• INFORMATION SHOWN:
----------
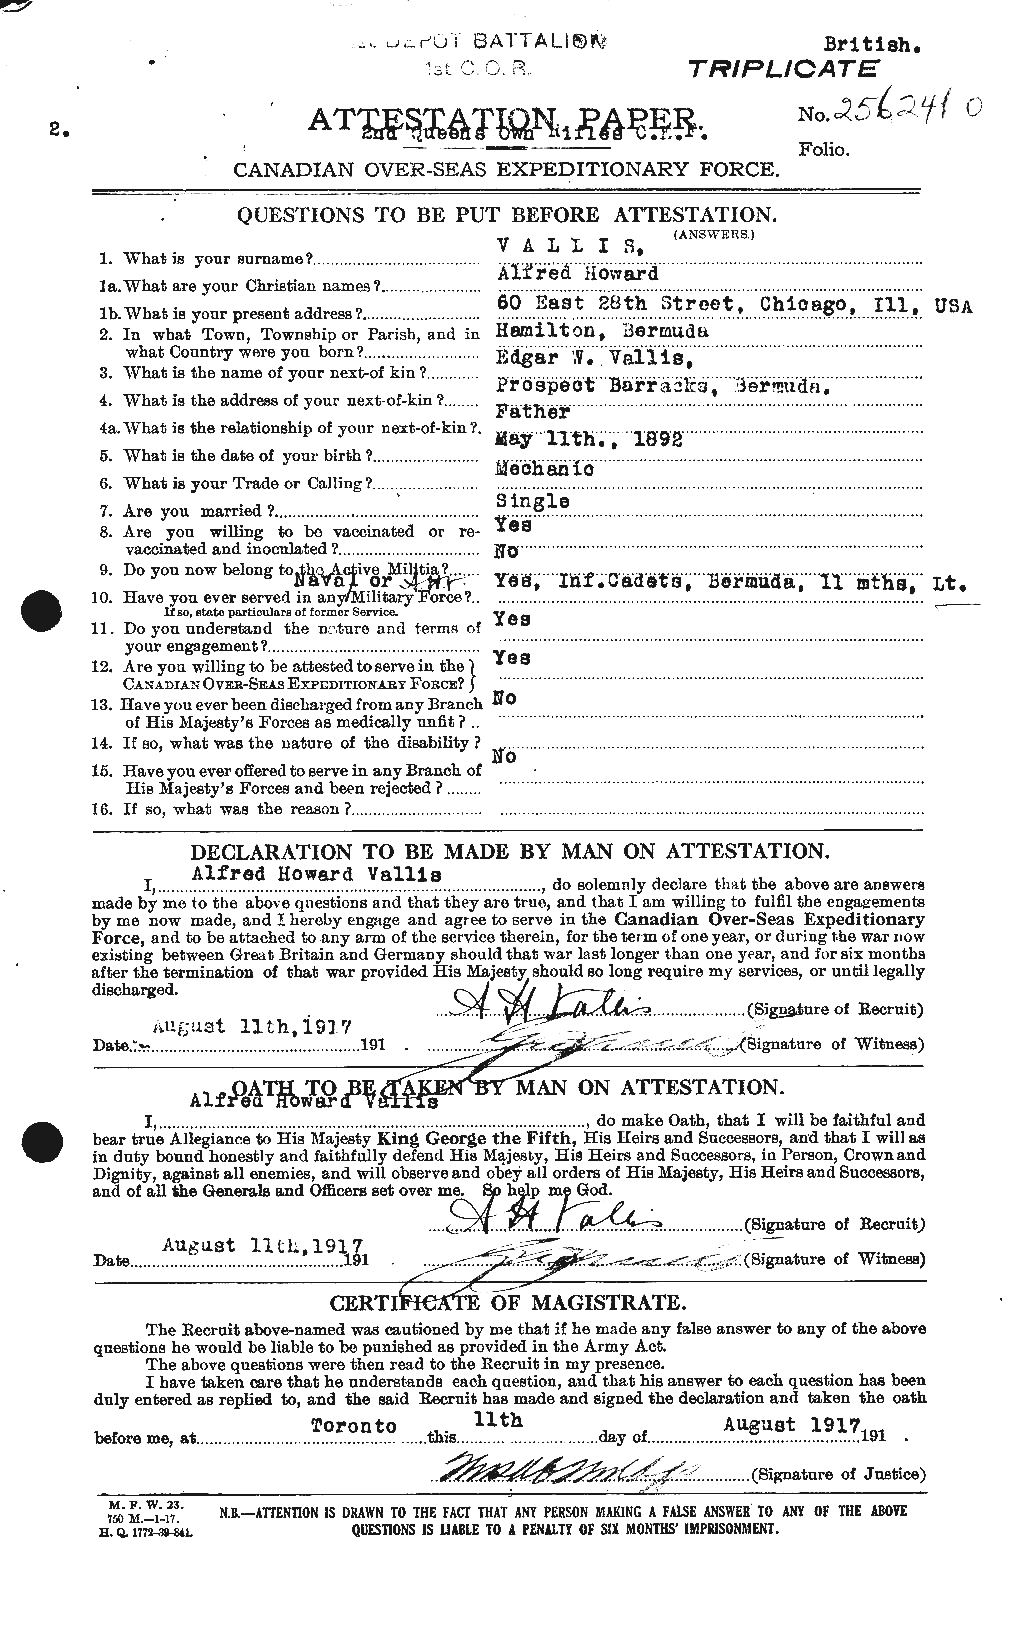 Personnel Records of the First World War - CEF 646509a
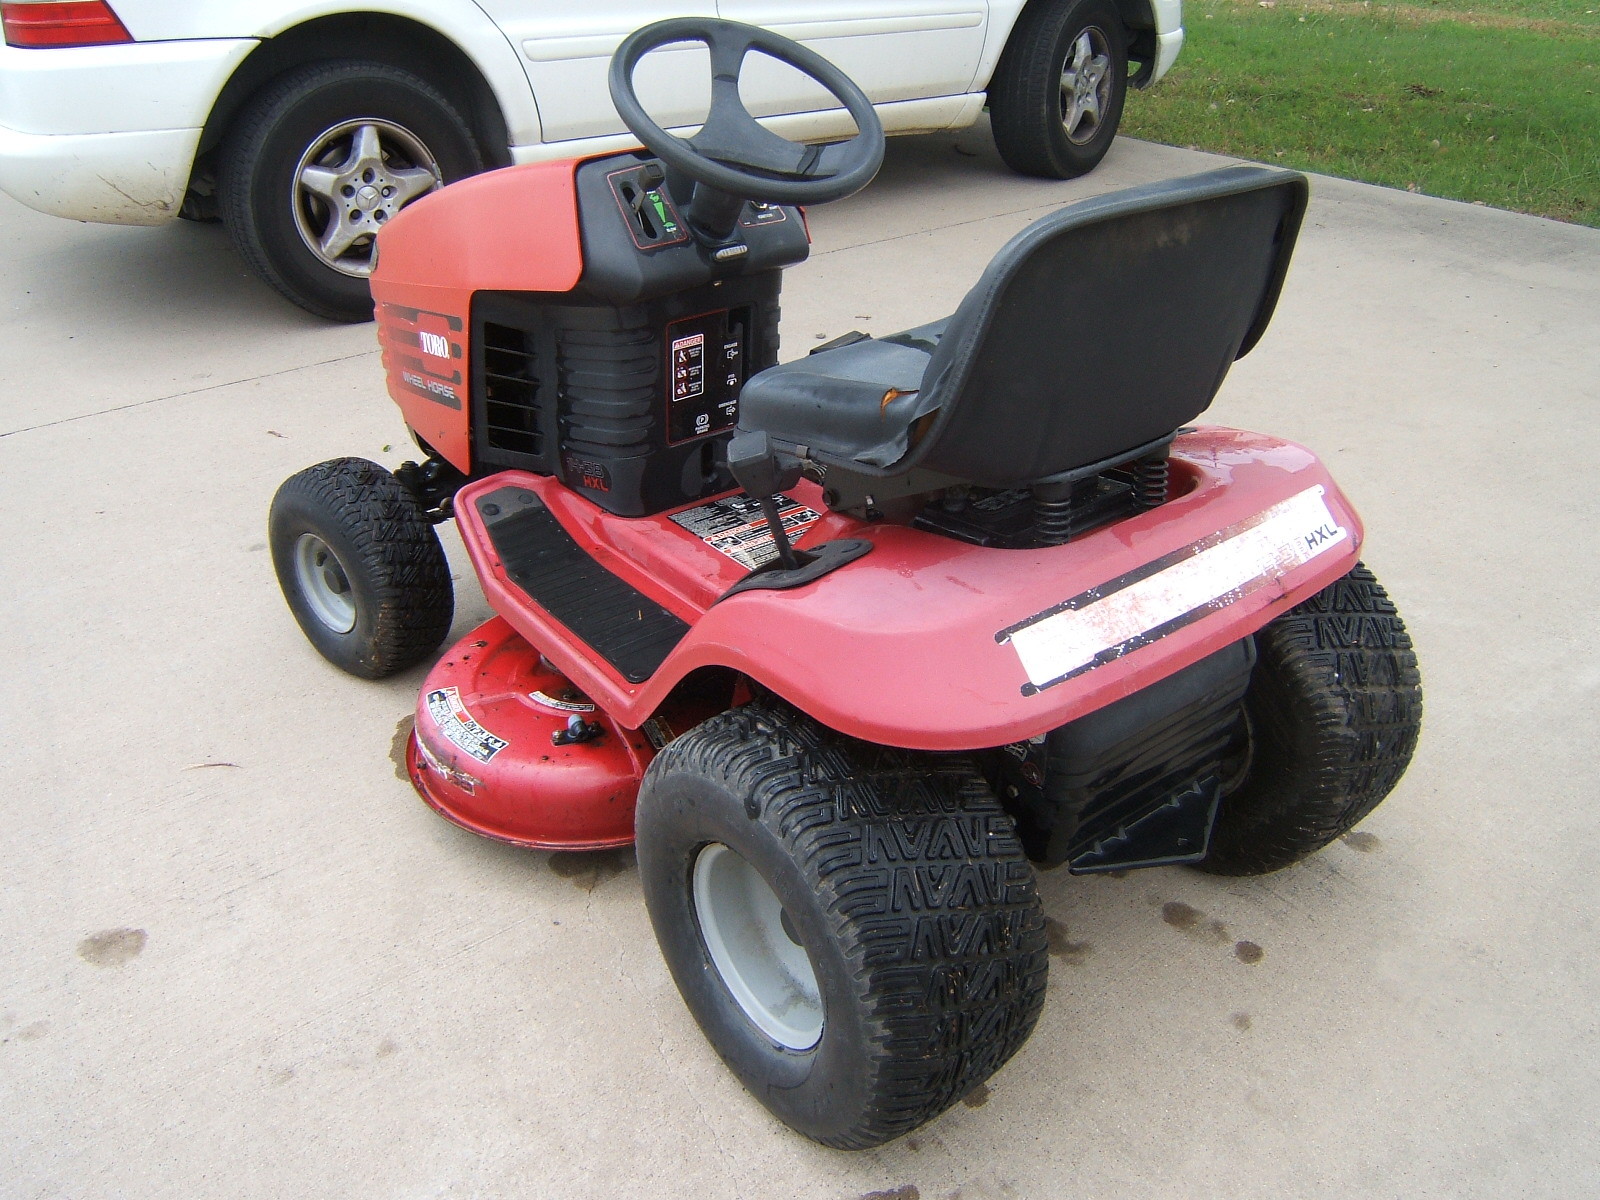 Toro Wheel Horse 14-38 HXL Riding Mower photo, picture, image on Use ...
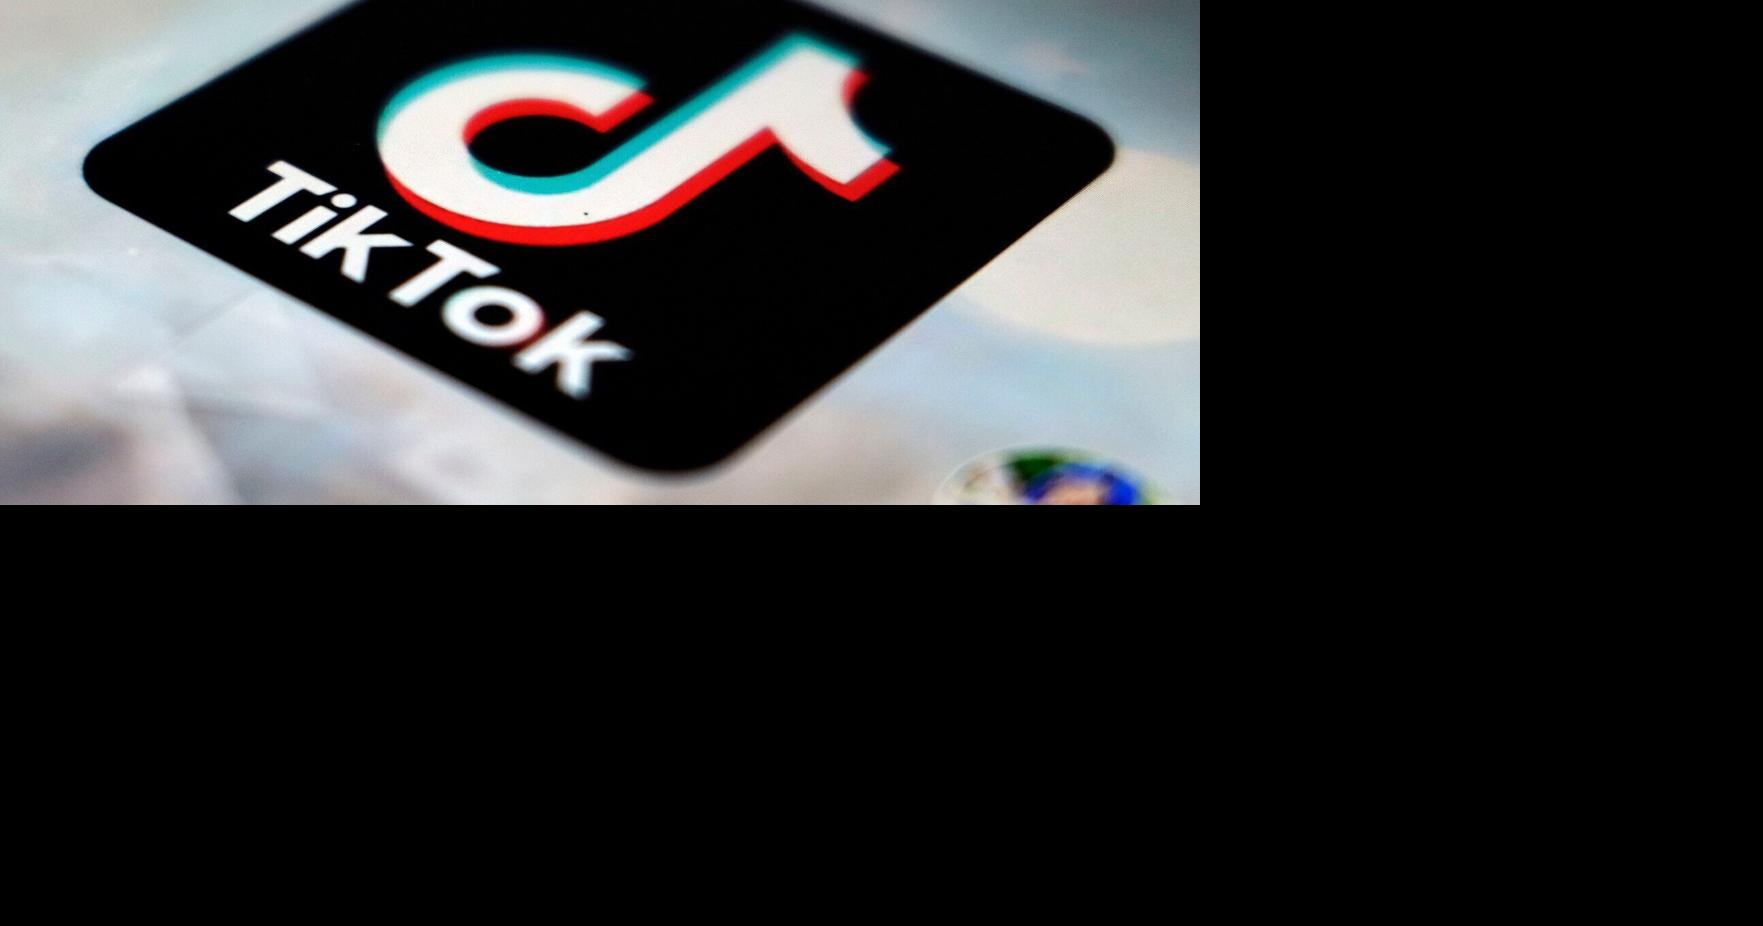 Bill to block Montanans from accessing TikTok clears Senate committee
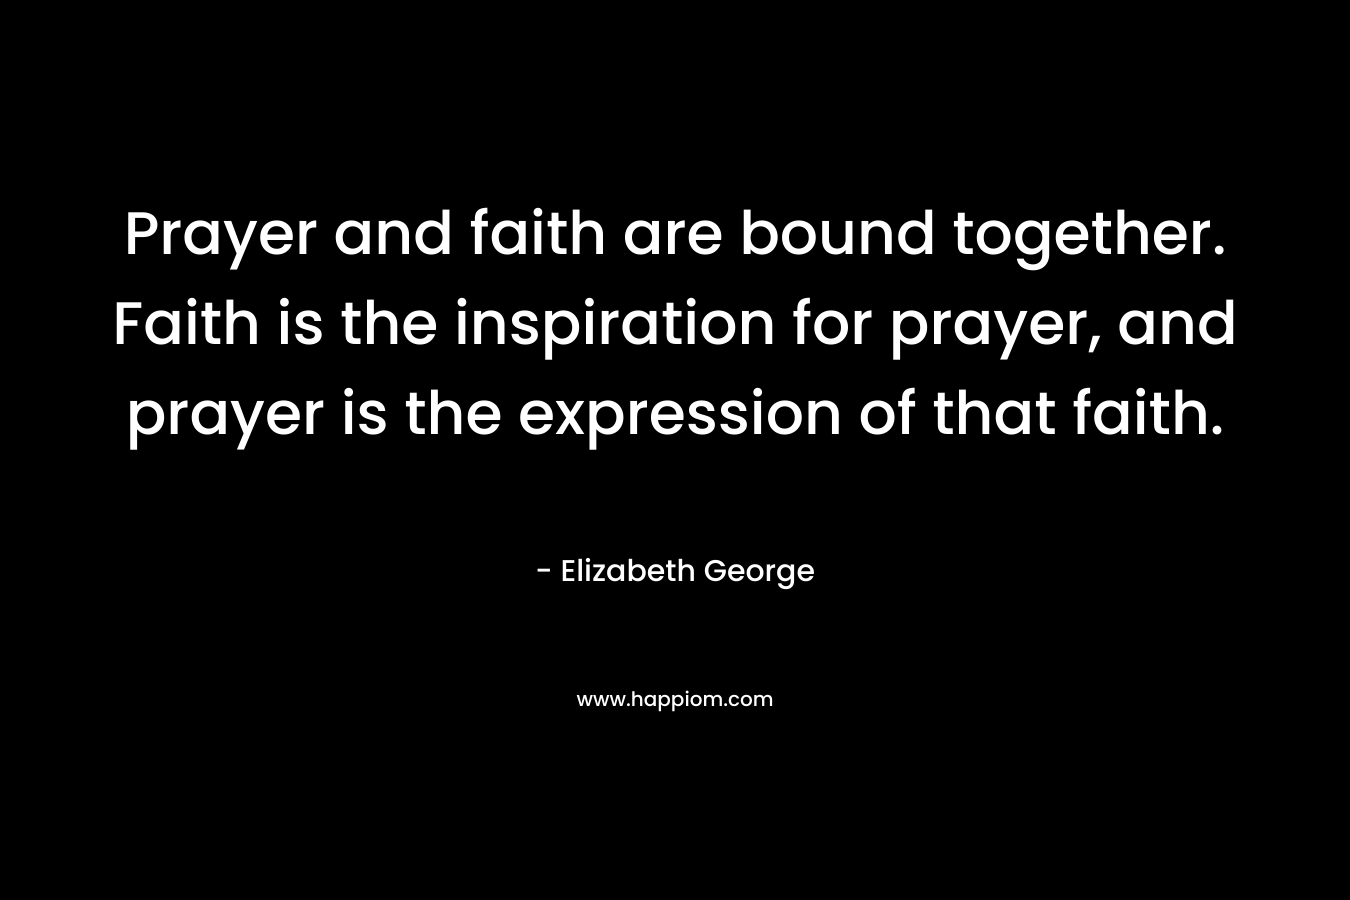 Prayer and faith are bound together. Faith is the inspiration for prayer, and prayer is the expression of that faith.
----------
• REQUIRED WORK:
Nothing but the lines from the beginning of the material above through the line containing "Bill to block" should appear in the answer, copied exactly and free of pictures.

• RESPONSE BELOW:
 Personnel Records of the First World War - CEF 646509a
 Toro Wheel Horse 14-38 HXL Riding Mower photo, picture, image on Use ...
 Bill to block Montanans from accessing TikTok clears Senate committee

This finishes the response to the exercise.